La bicicletta: il mezzo più economico per spostarsi in città (restando in forma)

Scritto da giorgiaminozzi il . Pubblicato in Ambiente, Automobili

Il prezzo della benzina è alle stelle, ed anche se non si sono toccati più i livelli record dello scorso inverno 2012 (con una media di 2 euro al litro), è molto difficile trovare benzinai che offrano un prezzo inferiore a 1,70 euro al litro. Con questi prezzi, spostarsi in macchina è diventato molto costoso, anche perché nel frattempo le assicurazioni hanno subito un rincaro piuttosto significativo. A causa di questa situazione, gli italiani si sono ritrovati a dover scegliere spesso una soluzione alternativa; molti hanno optato per i mezzi pubblici, ma la scarsità e la pessima qualità di questi servizi non hanno certo rappresentato un incentivo. Sono ancora in pochi, invece, a prendere in considerazione le biciclette per i piccoli spostamenti, nonostante da un’indagine risulti che la macchina è utilizzata soprattutto per tragitti inferiori ai cinque chilometri. Del resto, come biasimare gli italiani, vista la scarsa presenza di piste ciclabili e il poco rispetto mostrato dagli automobilisti verso i ciclisti?

Comunque, le istituzioni si stanno mostrando sempre più propense ad adottare delle soluzioni “a due ruote” per risolvere i problemi legati al traffico e alla mobilità, dunque sembra che ci saranno buone notizie per coloro che amano spostarsi in città a bordo della loro bicicletta.

La bici è ancora oggi il mezzo più economico e sostenibile per spostarsi. Tutti gli studi condotti finora, infatti, hanno dimostrato che nessun motore (nemmeno quello elettrico) può reggere il confronto con la bici, che è praticamente a emissione zero persino se si prendono in considerazione le emissioni per produrre la bici stessa e per produrre il cibo ingerito da chi pedala.

La bicicletta, inoltre, offre molte soluzioni anche a chi di pedalare tutto il giorno proprio non se la sente; sul mercato esiste un particolare modello chiamato bicicletta elettrica. La bici elettrica è una bici a pedalata assistita con un motore che si aziona quando il veicolo arriva ad una particolare velocità. Grazie a questo tipo di meccanismo, si possono percorrere molti chilometri senza avvertire fatica e affrontando anche salite e discese.

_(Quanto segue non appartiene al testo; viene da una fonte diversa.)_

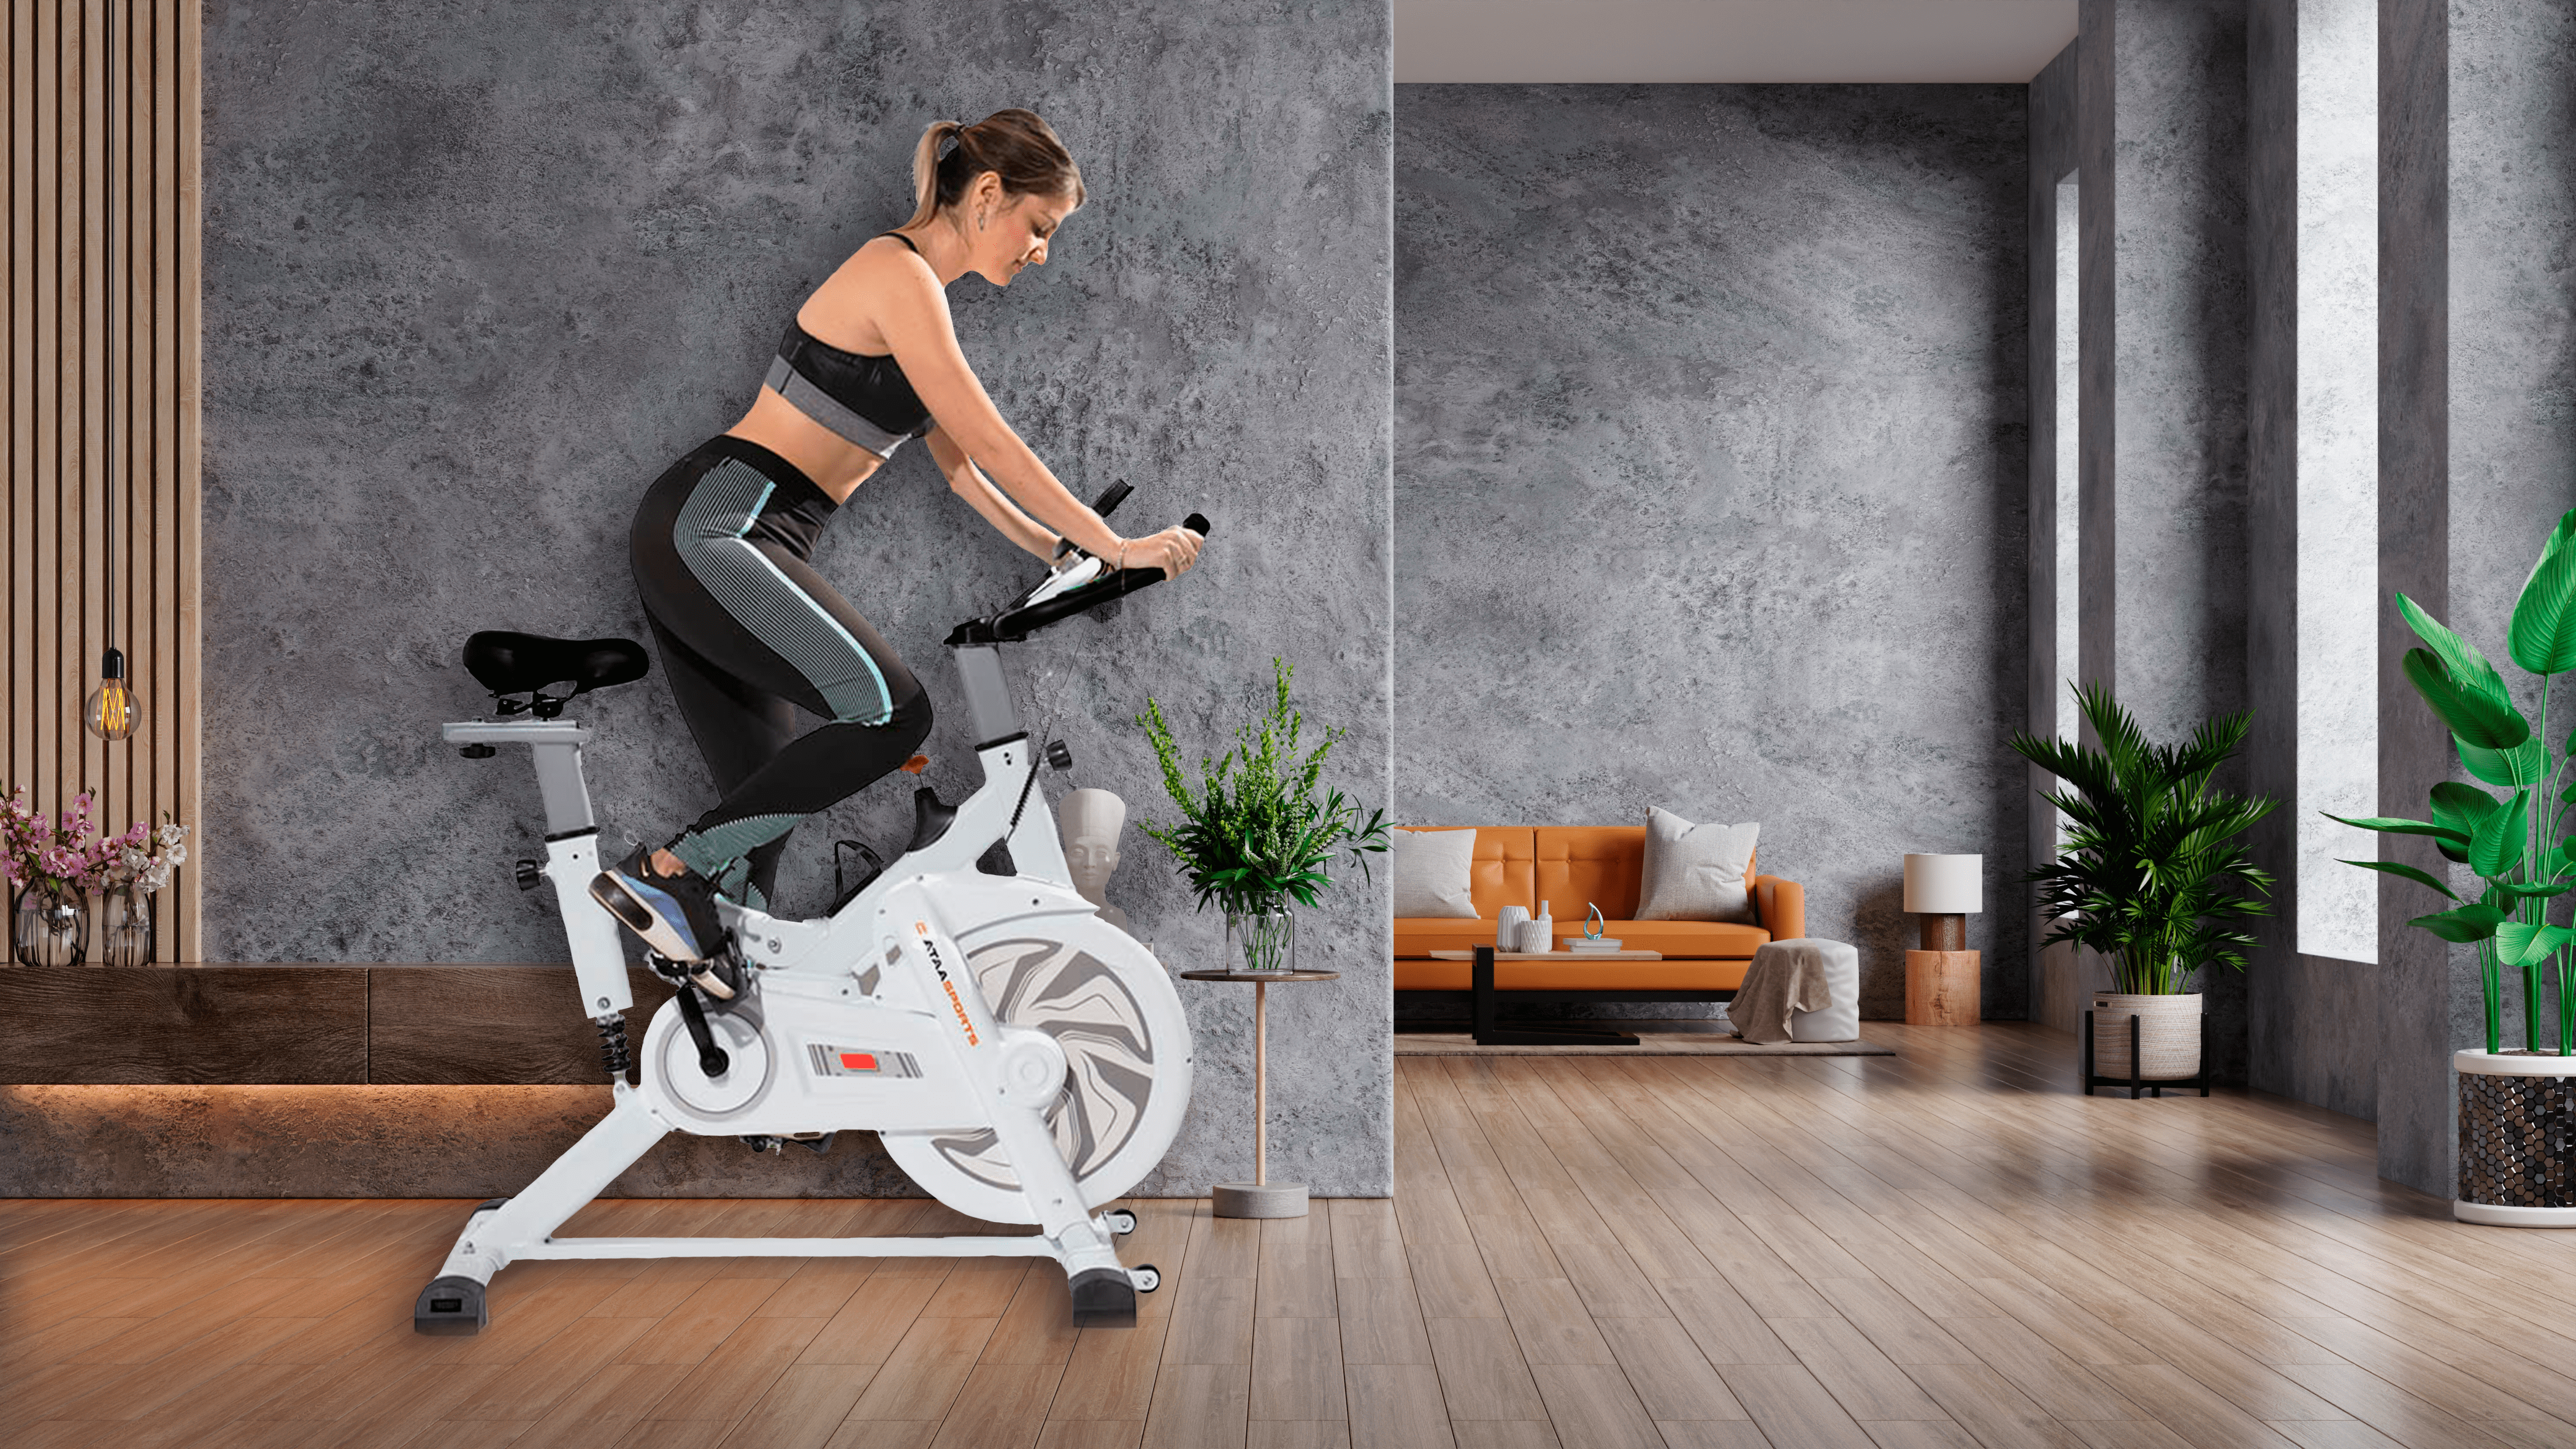 HOW TO CHOOSE THE IDEAL SPINNING BIKE TO EXERCISE AT HOME? 4 IMPORTANT KEYS
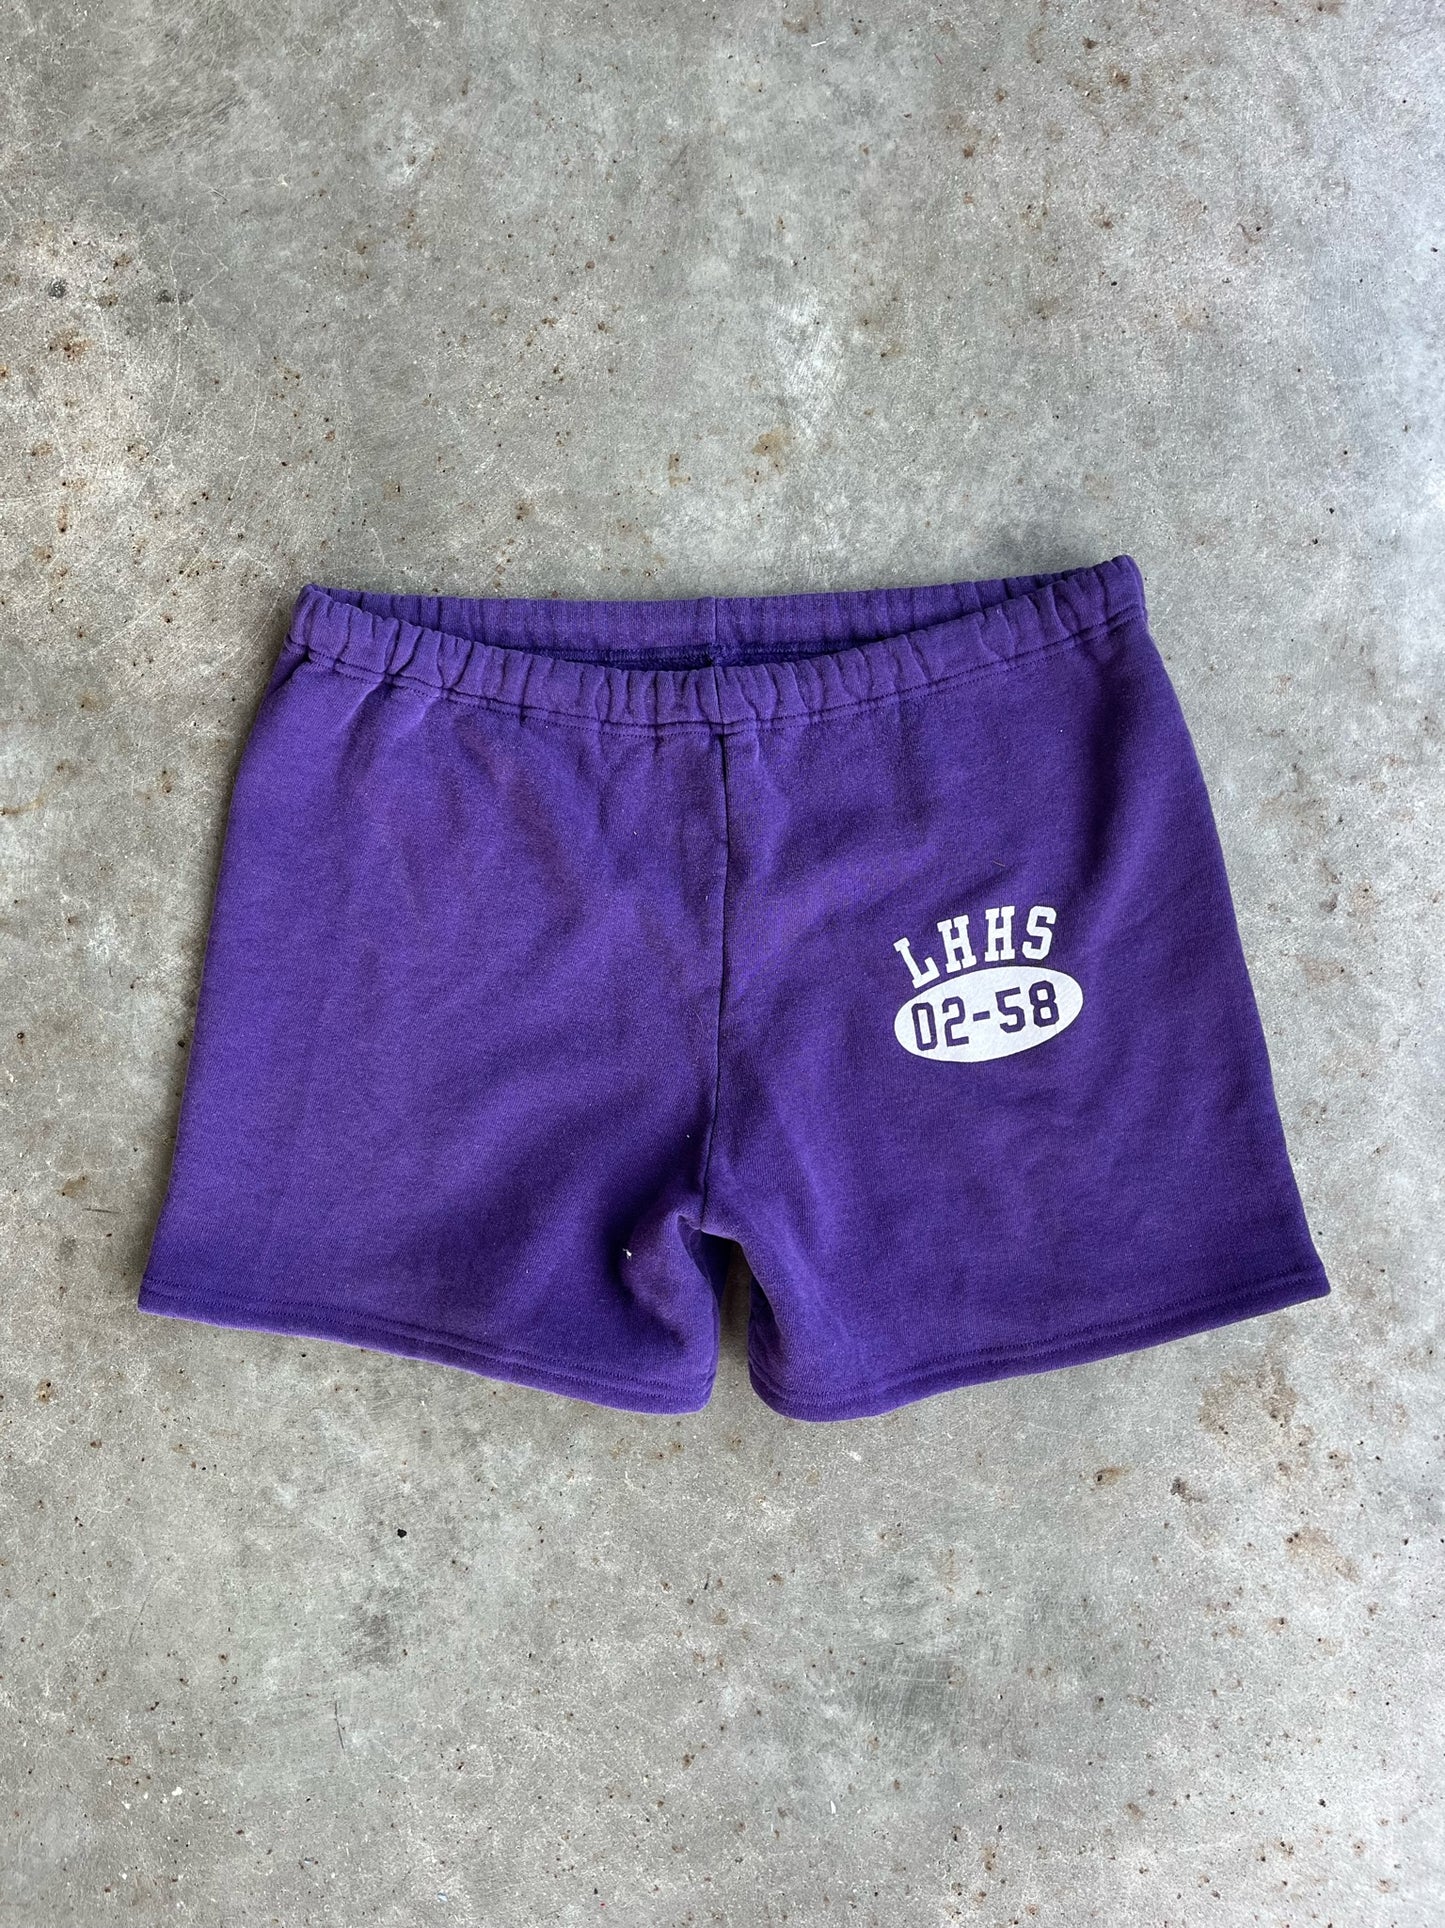 Reworked Russell Athletic Shorts - L

Negli ultimi anni, il mercato delle biciclette ha creato invece un prodotto utile per chi ha bisogno di spostarsi sia su strada che sui mezzi pubblici: la bicicletta pieghevole. La bici pieghevole funziona grazie ad un sistema di cerniere e ganci che fanno richiudere la bici su se stessa, facendole occupare pochissimo spazio. Per la bici pieghevole esistono anche delle comode sacche che permettono di portarla in spalla come se fossero zaini. La bici pieghevole è utile per chi viaggia sui mezzi: molto spesso, infatti, i vagoni sono così stretti e affollati che non ci sarebbe proprio spazio per la normale bicicletta! La bicicletta pieghevole più famosa è la mitica Graziella, scomparsa negli anni ottanta e tornata da pochi mesi in una nuova versione. Di bici pieghevoli, però, ne esistono di tutti i tipi e per tutti i gusti, perciò non resta che scegliere.

Su una normale bici, su una pieghevole o sull’elettrica, bisogna ripensare il modo di spostarsi e scegliere una mobilità più sostenibile. Pensate che se l’Europa cominciasse domani a pedalare come fanno i danesi, eliminerebbe metà delle emissioni dannose per l’atmosfera!